Triggering Memory (Re)writes

There are two scenarios where memories are written:

  • Pre-compaction flush - when context window is nearly full, a hidden turn fires with 'store durable memories now'. The agent writes to daily log, then compaction proceeds (OpenClaw tracks token usage and uses its own 'hooks' to perform compaction at the right time). Note there is no 'hard rule' that the agent must use date-coded markdown files - this is a suggestion
  • Normal conversation - the agent can write to MEMORY.md or daily logs anytime using standard write/edit tools. However, there is no system prompt instruction telling it when to do this - this is left to the model's judgment.
    • memory-lancedb can capture regex triggers (like|prefer|important) as another memory guard, but this is not the default behaviour.

The Temporal Problem

The issue I see with this memory solution, as good as it might be, is that there is no temporal awareness. Vector search returns results by semantic similarity, not recency. If you said 'I prefer React' on day 1 and 'actually I've switched to Svelte' on day 5, both have high similarity to 'what framework?' and the stale one could easily win. This is a known gap in basically every RAG-based memory system.

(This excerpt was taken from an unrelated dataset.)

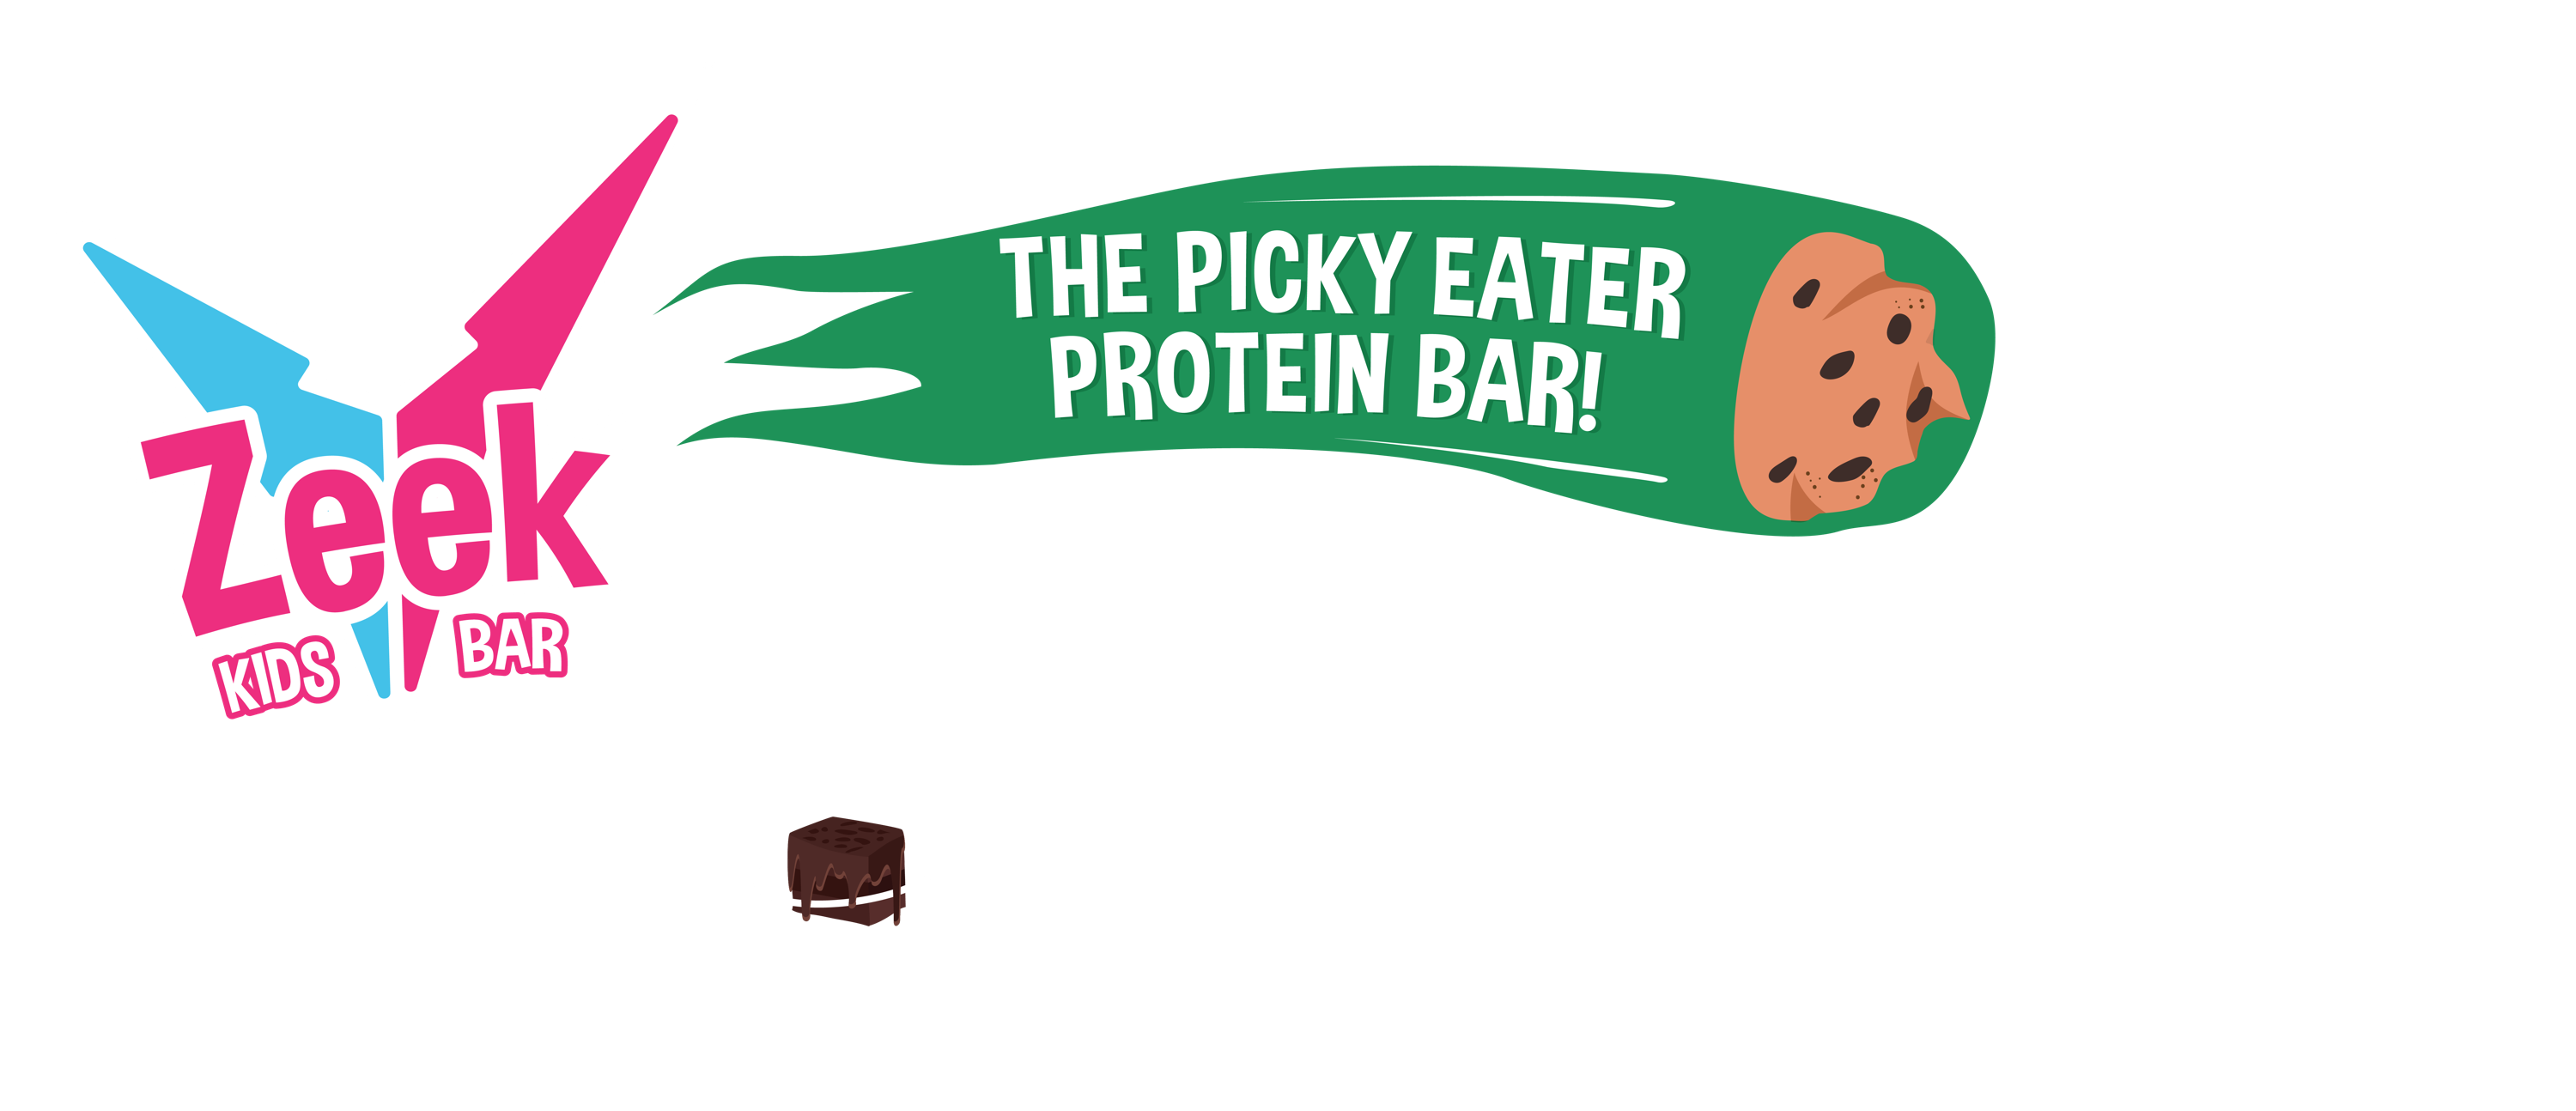 Zeek Kids Bar. The Picky Eater Protein Bar

The dated filenames provide implicit temporal context, but only if the model reasons about them — the search itself is purely semantic.

Skills

Discussed here. More important for this discussion is how skills work in OpenClaw.

The system prompt (src/agents/system-prompt.ts) tells the agent:

scan available skills before replying - if exactly one clearly applies, read its SKILL.md and follow it. if multiple could apply, pick the most specific. if none apply, skip. the model makes the selection. there is no routing layer.

No autonomous Skill creation

Contrary to what I thought, there is no prompt or functionality anywhere in the codebase that suggests it creates skills autonomously. Specifically, there is no evaluator agent that determines if this is a repeatable request; there is no nudging in the system prompt or any markdown file. The user must explicitly ask the assistant to build a new skill or plugin. Anything done ad-hoc may be partially captured in the memory system (not a guarantee), but even if it is captured there is no guarantee a repeatable process will be followed unless a skill or plugin is explicitly created.

Note there is a whole 'skill sharing' ecosystem such as https://clawhub.com or the (in)famous MoltBook (that encourages skill sharing amongst bots). The details of this I am not interested in at the moment.

Hot-reload

Say a new skill was created or added - how does the agent actually use it in the flow of an existing chat? There is a 'hot reload' feature (specifically a chokidar file watcher) that a new skills acquired can be used in the current chat.

Plugins

For functionality that needs actual executable code (not just markdown instructions), OpenClaw has a plugin system (OpenClaw's own implementation, not from pi). These is notable as it relies on pi's philosophy to let the agent write code for itself, but these are not MCP or Skills. A plugin is a typescript module with a JSON manifest. For the sake of this post, its important to know about this without diving deep into it - we can check src/plugins/types.ts if we're ever interested. The takeaway for plugins is they use the OpenClaw event system (hooks) once registered in order to execute at specific times.

The Takeaway

Some clever engineering, relying on minimalist tools like pi, and capable LLMs make this an interesting project.